Heavy post... rather depressing and emotional...
I feeling all out of sorts... yesterday I dreamed that I was pregnant and that I gave birth to a dark haired baby girl. Just last night I dreamed that my son was dead and that I saw him in his coffin.
Shane was mad this am " He just doesn't have the childhood he wants... he never gets his sister to play how he wants her to and he doesn't have half the stuff that other kids have. " Such a cheerful kiddo ... and so eager to be positive.
Jerry the kids and I went to church this am... we have a new childrens' ministry leader -- so I was extra motivated to get Shane to be apart of the group and .,..be good....
I went in to service after dropping off Shane and Jessica-- and usually I cry or at least tear up during the singing...not today.

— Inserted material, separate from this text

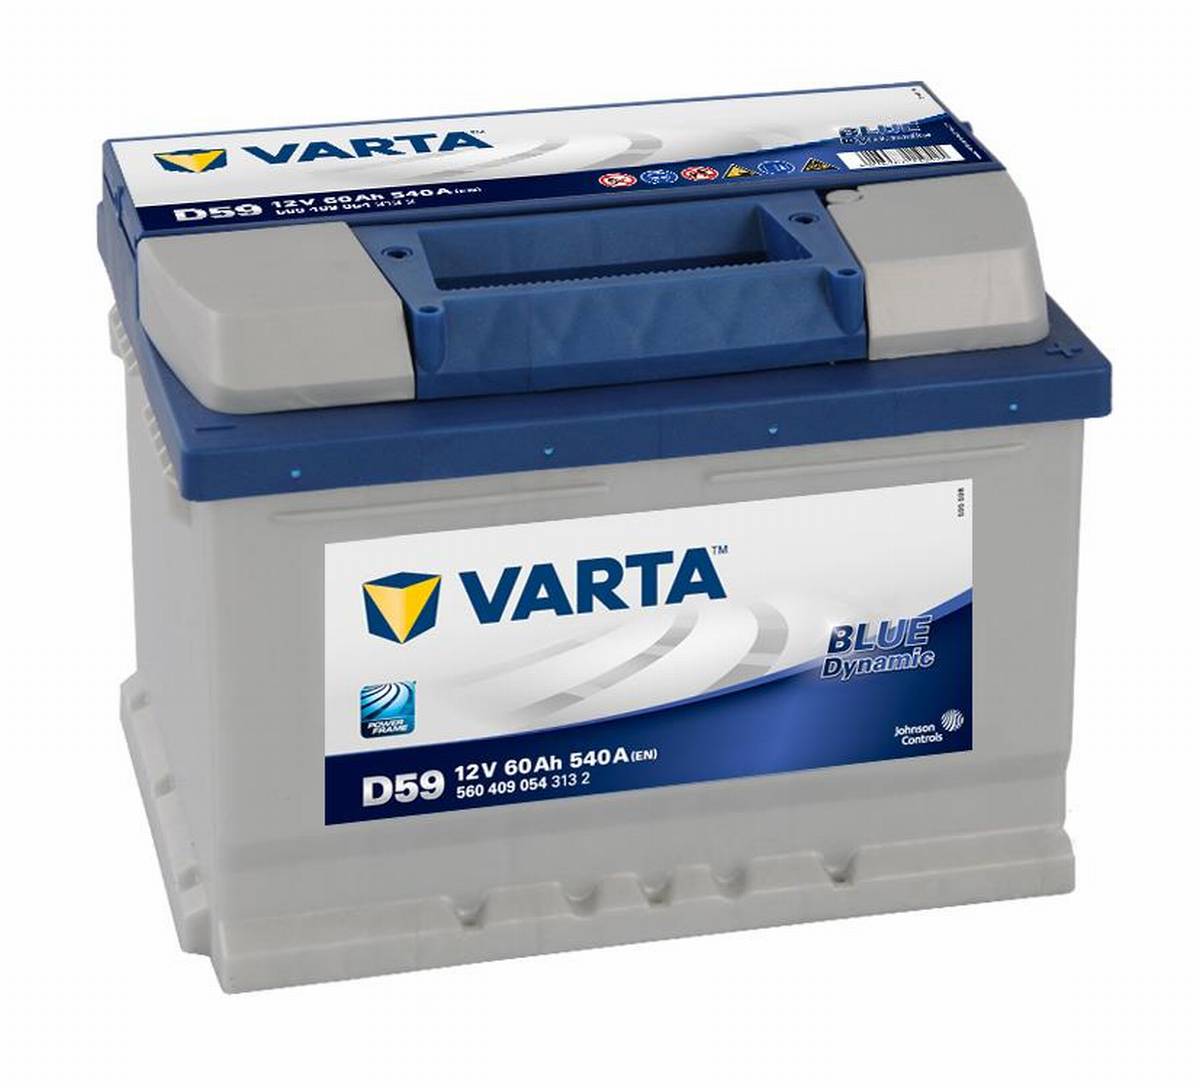 Varta BLUE Dynamic 560 409 054 3132 D59 12V 60Ah 540A/EN car battery, Starter batteries, Boots & Marine, Batteries by application

Today-- our pastor Dave said encouragement and I started crying... and I didn't quit.
Yep... I cried during the whole service. I even got up and went to the bathroom to see if I could stop-- it didn't work.
When I cry... I get all red and blotchy faced... what a GREAT look ! sarcasm? I got a trunk full.
Jerry and his brother along with about 14 people from church planned to go shooting guns after church-- Jerry wanted me to come with-- we were going to video tape shooting a pumpkin or two... but the pumpkins were getting soft.
We all met up at the church and drove out to where we were to shoot., At first the weather was typical Oregon stuff rainy but not super cold. but them as we were getting closer to where we were going to be... it started raining...and raining. I was unprepared for the rain, so I spent my time in the truck with Shane... who was happy to be playing DS.
When we got home Shane was upset because I told him, there would be NO MORE video game time today-- he had played the DS the whole time we were shooting , and including the drive to and from church! He promptly got mad at me and stomped off to his room. After a few minutes I went in to talk to him-- once again he was upset that ... he just can't be popular and he doesn't get to DO all the things that other kids do... and that It's not fair,. I had to explain that when he plays DS he doesn't listen or pay attention and when I have to ask 3-4 times to STOP it's very frustrating-- I also explained to him that when HE has a bad day at church... I have a bad day at church.
I'm feeling beat up and emotional-- I'm sure that my PMS and my head cold are helping me feel like YUCK...
But -- I'm wishing for unconditional love ,.